Here is an example where SMP will produce speed ups which come as close as can be to number-of-processors-times speedup: matrix multiplication. If you have two large matrices you wish to multiple together, divide the result matrix rows by the likely number of processors and spawn a process to calculate the values for those sets of rows. Because the input data is fixed, any process can read it safely -- there is no danger that another process is modifying the values. Because each process deals with specific result locations and values of one result location are unaffected by values in others, each process can store safely -- there is no danger that two processes will try to store in the same location simultaneously. And the result is there much sooner!

But in general, to use multiple processors, your program must ensure that instructions being executed on one processor do not interfere with instructions being executed on another. This can be difficult. Multiple processes within a single Lisp image have been supported for a long time in Allegro CL. But only one of these processes was running at any instant, and by telling the system not to switch processes, you could guarantee that code run by one process was not affected adversely by code run by another. (Thus you could wrap sensitive code with the without-interrupts macro, which would prevent process switching while its body was executed. without-interrupts does not work that way in an SMP image.)

Perhaps the most significant problem with SMP has to do with modifying stored values. Consider a program designed to record orders for goods, where each sales person is handled by a different process. There is a variable *order-number* and each salesperson, when starting to process an order, gets the order number by evaluating (incf *order-number*).
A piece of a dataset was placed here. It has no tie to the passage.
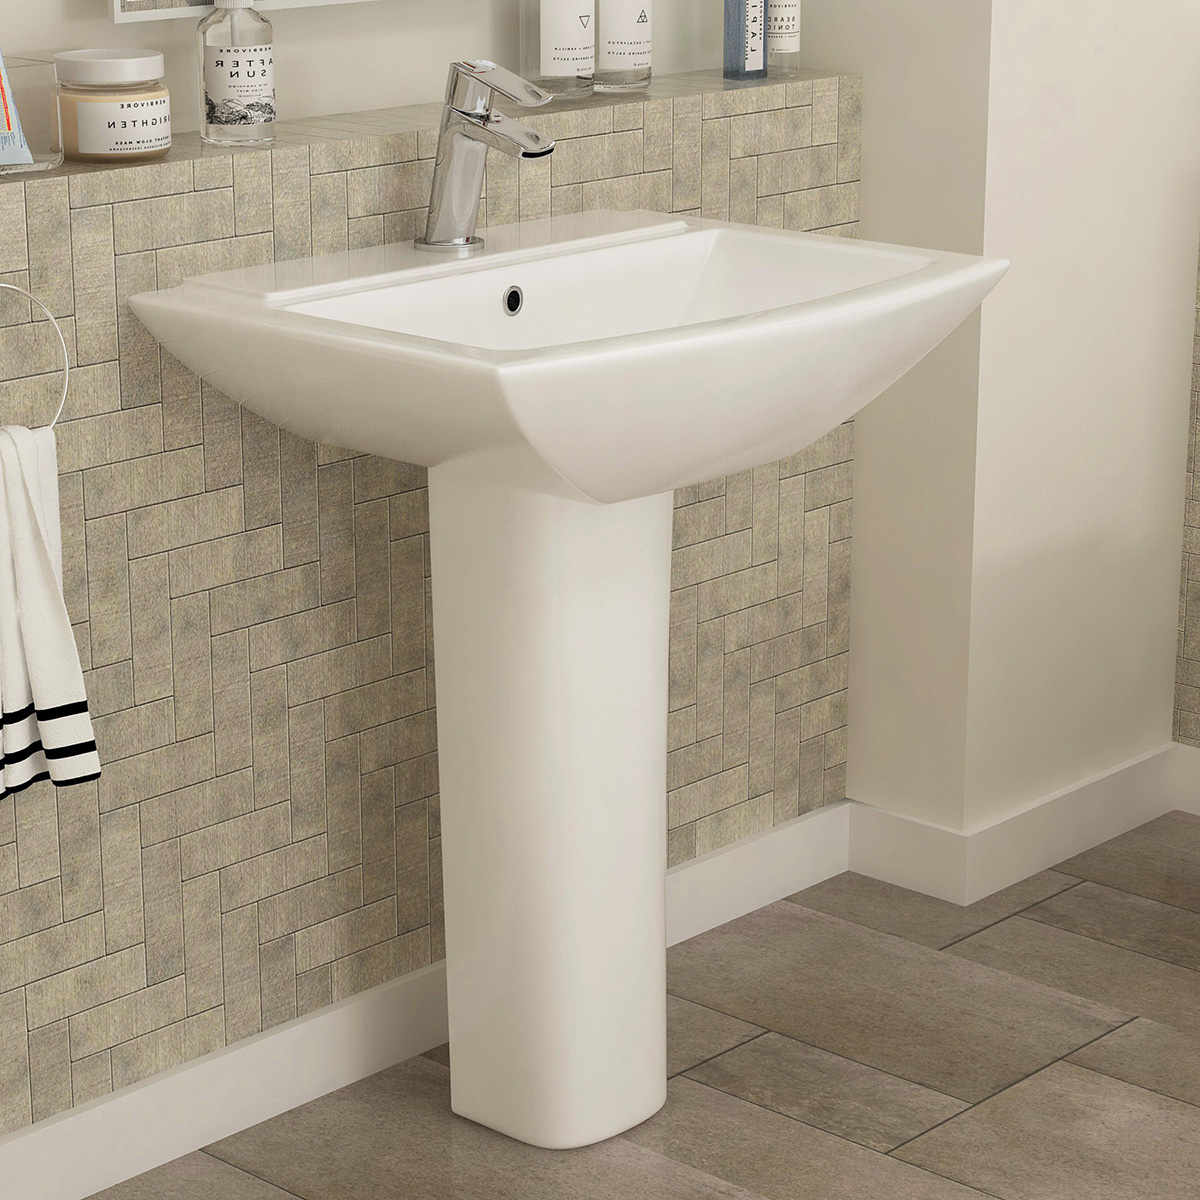 Tips for an Ultra-Modern Bathroom Look with a Basin

The instructions associated with incf are roughly:

Fetch the symbol value of *order-number*
Add 1 to that value
Store the new value as the symbol-value of *order-number*

It is clear that that code is dangerous when multiple processes are executing it. Suppose at the start the value of *order-number* is 12345, and two sales orders are started at the same time in different processes. Then we might get the following:

Salesperson 1                 Salesperson 2
Fetches the value 12345       Fetches the value 12345
Adds 1                        Adds 1
Stores 12346                  Stores 12346

We now have two orders numbered 12346. Note that this can occur even in a non-SMP Lisp using multiple processes. But in a non-SMP Lisp, such errors are in fact likely to be rare since each process that has code to run executes many thousands of instructions before it is switched out (fetch-add 1-store is generally less than 10 machine instructions, so the chance of a process switch breaking in is less tha 1/1000 if at least 10,000 instructions are run between process switches). Further, most programs will protect against interference by evaluating (without-interrupts (incf *order-number*)), which in a non-SMP Lisp guarantees that there will not be interference.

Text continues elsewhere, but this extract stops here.